For our example, let’s use regular for step_type with a 10 kyr step interval. This function returns a list. Let’s call that list ai_out.

ai_out <- age_index(load_proxy = lf_out, age_units = 'kyr', step_type = 'regular', step_int = 10)

Adjusting and Loading Prior Distributions

Adjusting parameter values and priors used in the MCMC inversion

Many of the parameter values, including those that define priors, can be revised using parms_foram_adjust function. There are two arguments in this function, parms2change and change_values. For parms2change provide a vector of character strings for the parameters you would like to adjust from default values. For change_values argument, provide a vector of numeric values which correspond to the parameter names in parms2change.

The user-changeable parameters are listed in the help documentation of this function (type ?parms_foram_adj). For environmental variables, BPER defaults to distributions typical of mid- to low- latitudes in the earliest Eocene. The user is expected to adjust environmental priors to values consistent with their study interval and locality. You can take a look at all of the default values for all of the user-accessible parameters by opening up one of the package system files. To do this, type in the console:

file.edit(system.file("extdata", "parms_in_foram.R", package = "BPER"))

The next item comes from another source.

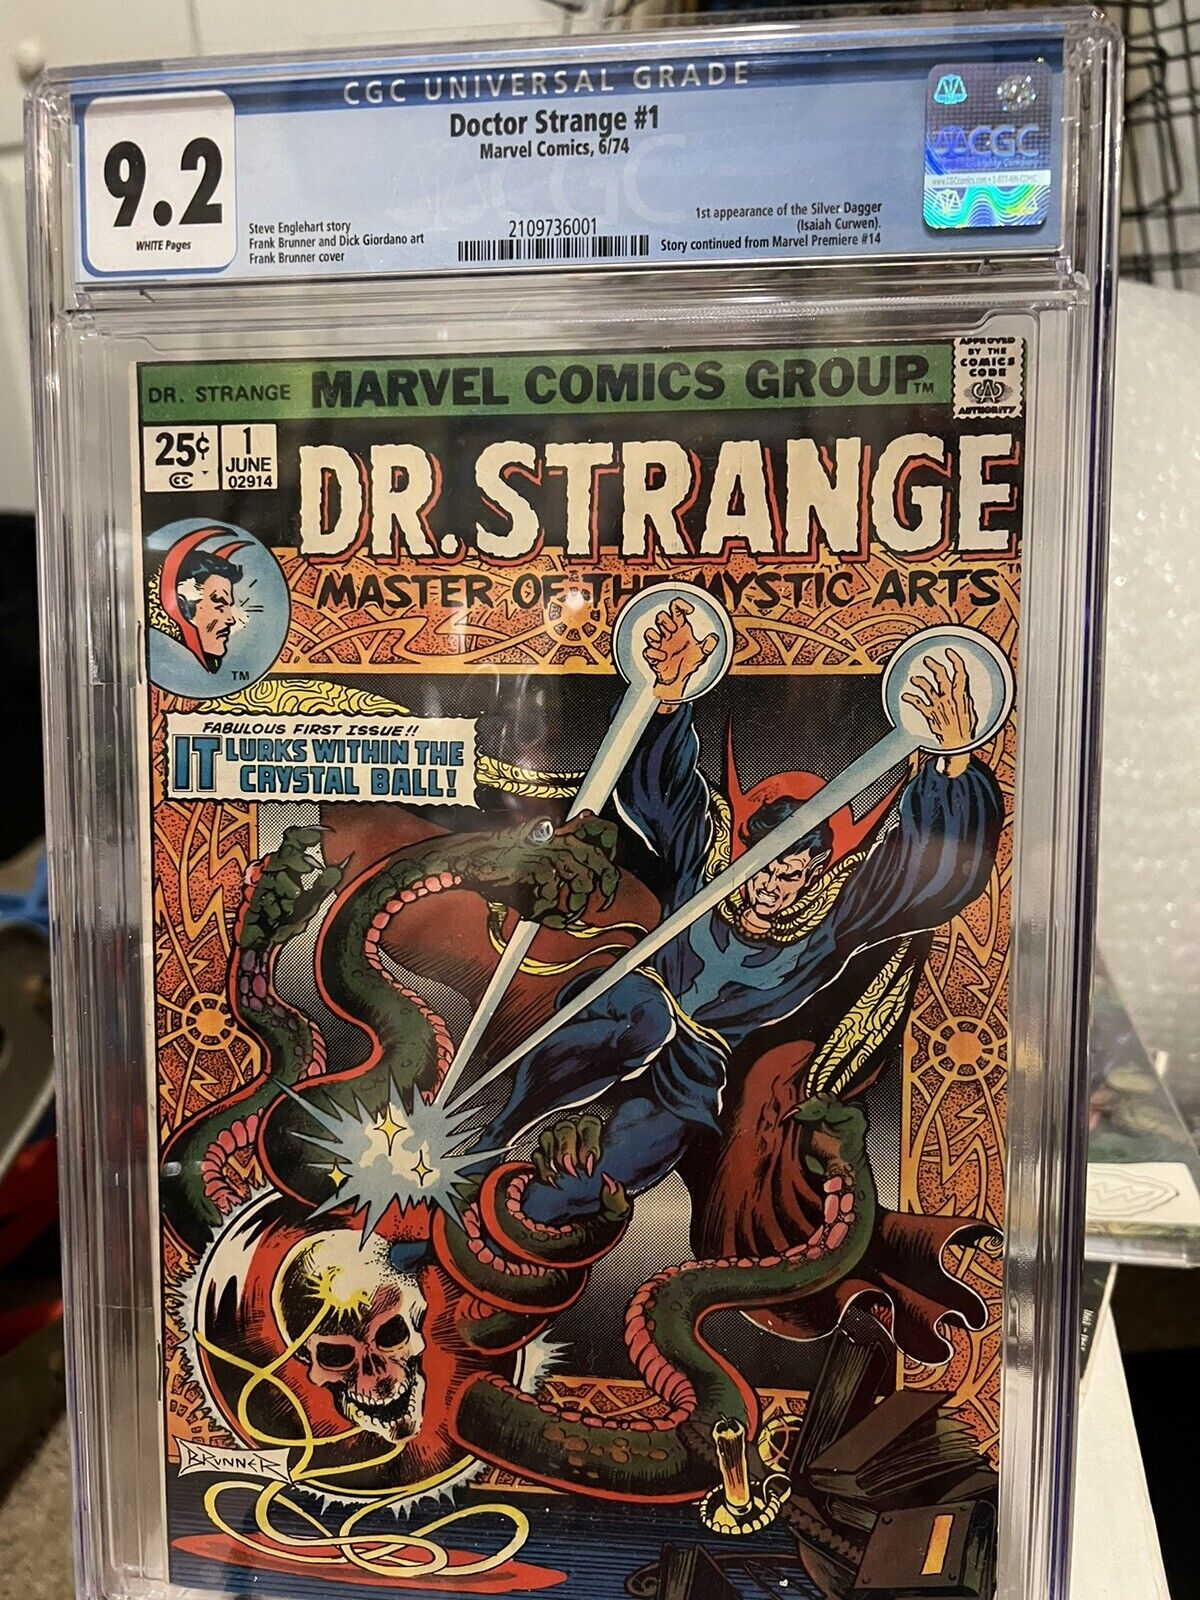 Doctor Strange #1 - Marvel Comics 1974 CGC 9.2 1st appearance of the Silver Dagg
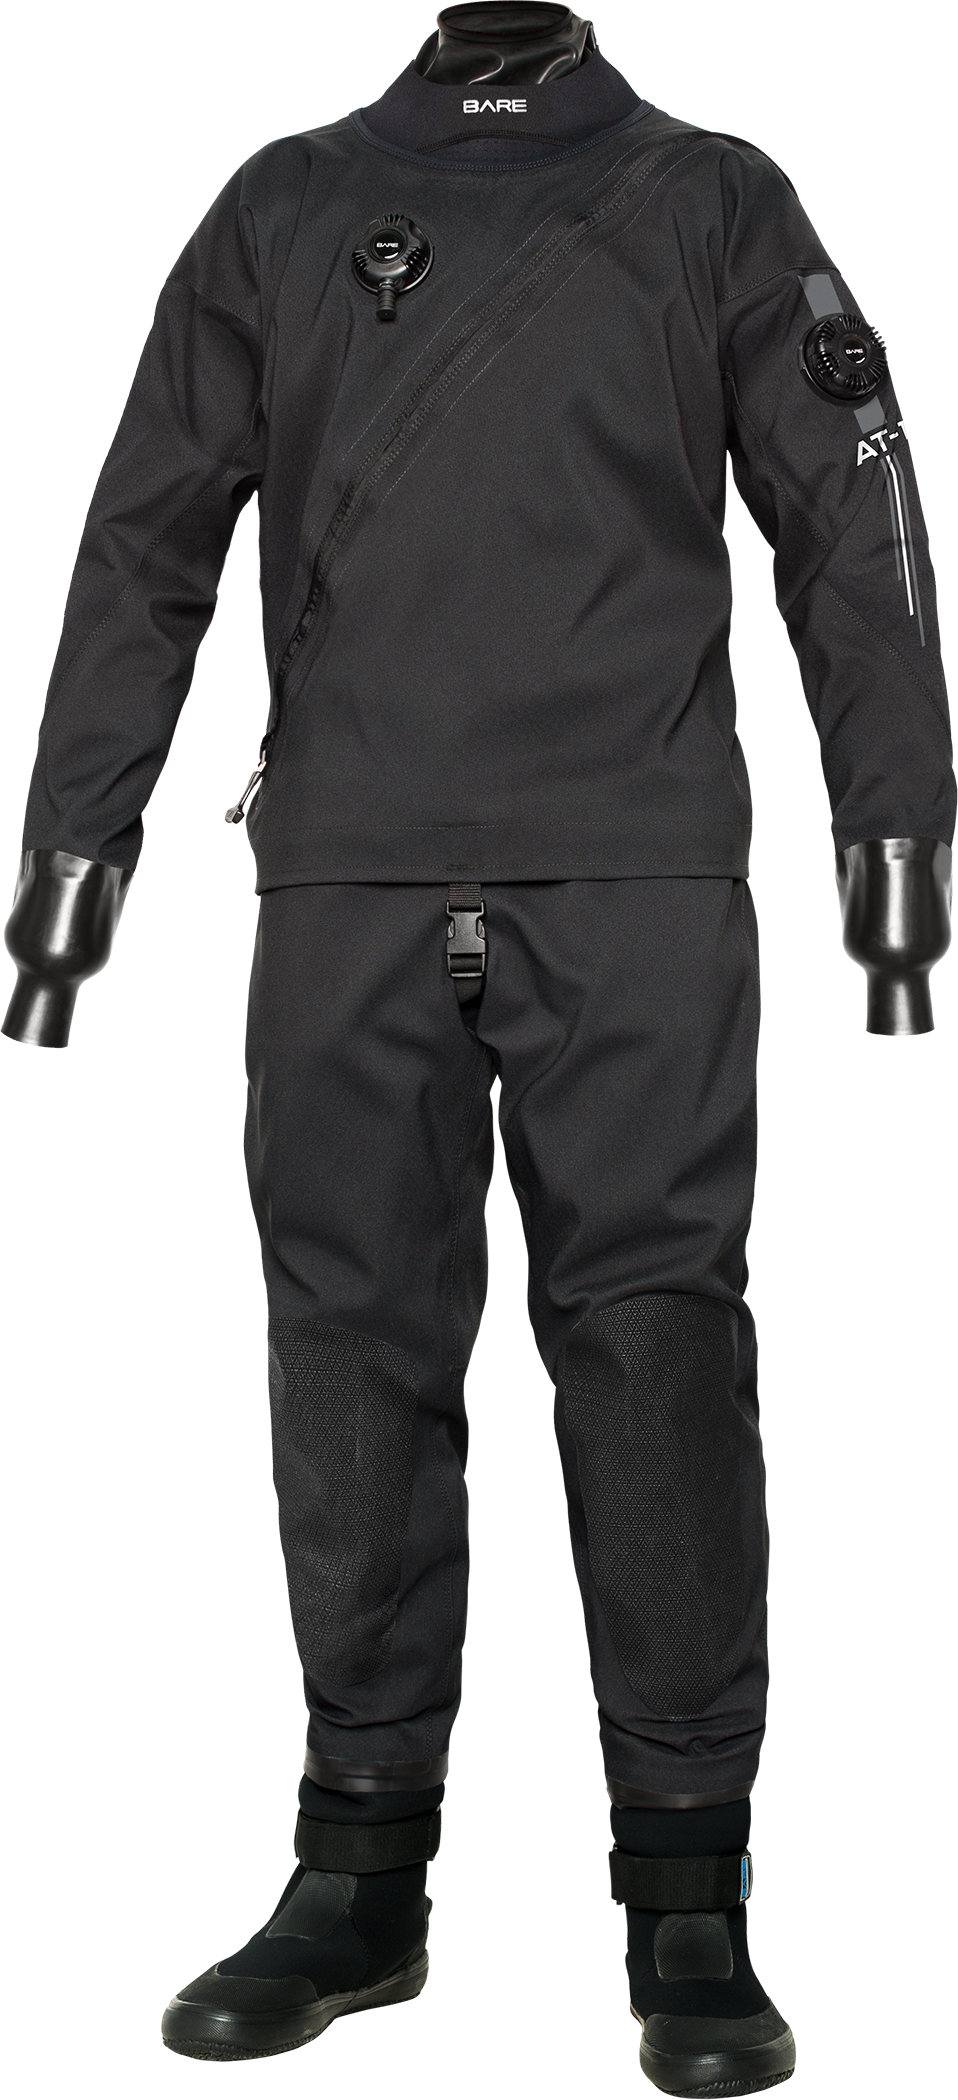 Bare Aqua-Trek 1 Men's Tech Dry Suit

To demonstrate how to adjust these parameters, we will change the parameters which define the prior distribution of the % of secondary calcite for the diagenetic correction on d18O. We will keep the remaining parameter values unchanged since these are consistent with our study interval and location.

parm_names <- c("seccal", "seccal.sd")
parm_values <- c(60, 5)

parms_foram_adj <- parms_foram_adj(parms2change = parm_names, change_values = parm_values)

Loading parameter values and priors used in the MCMC inversion

Next, load in any adjustments to default parameter and prior values. You may load in the adjusted parameters using the parms_foram_adj argument in the priors_foram function. This is what we will do for this example, however, you can leave this argument empty to maintain the default model parameter values.

Include the age_index return object (here we called it ai_out) in arguments. Specify which 2nd carbonate chemistry variable to use in CO2 calculations. Type ?priors_foram into the console for list of options.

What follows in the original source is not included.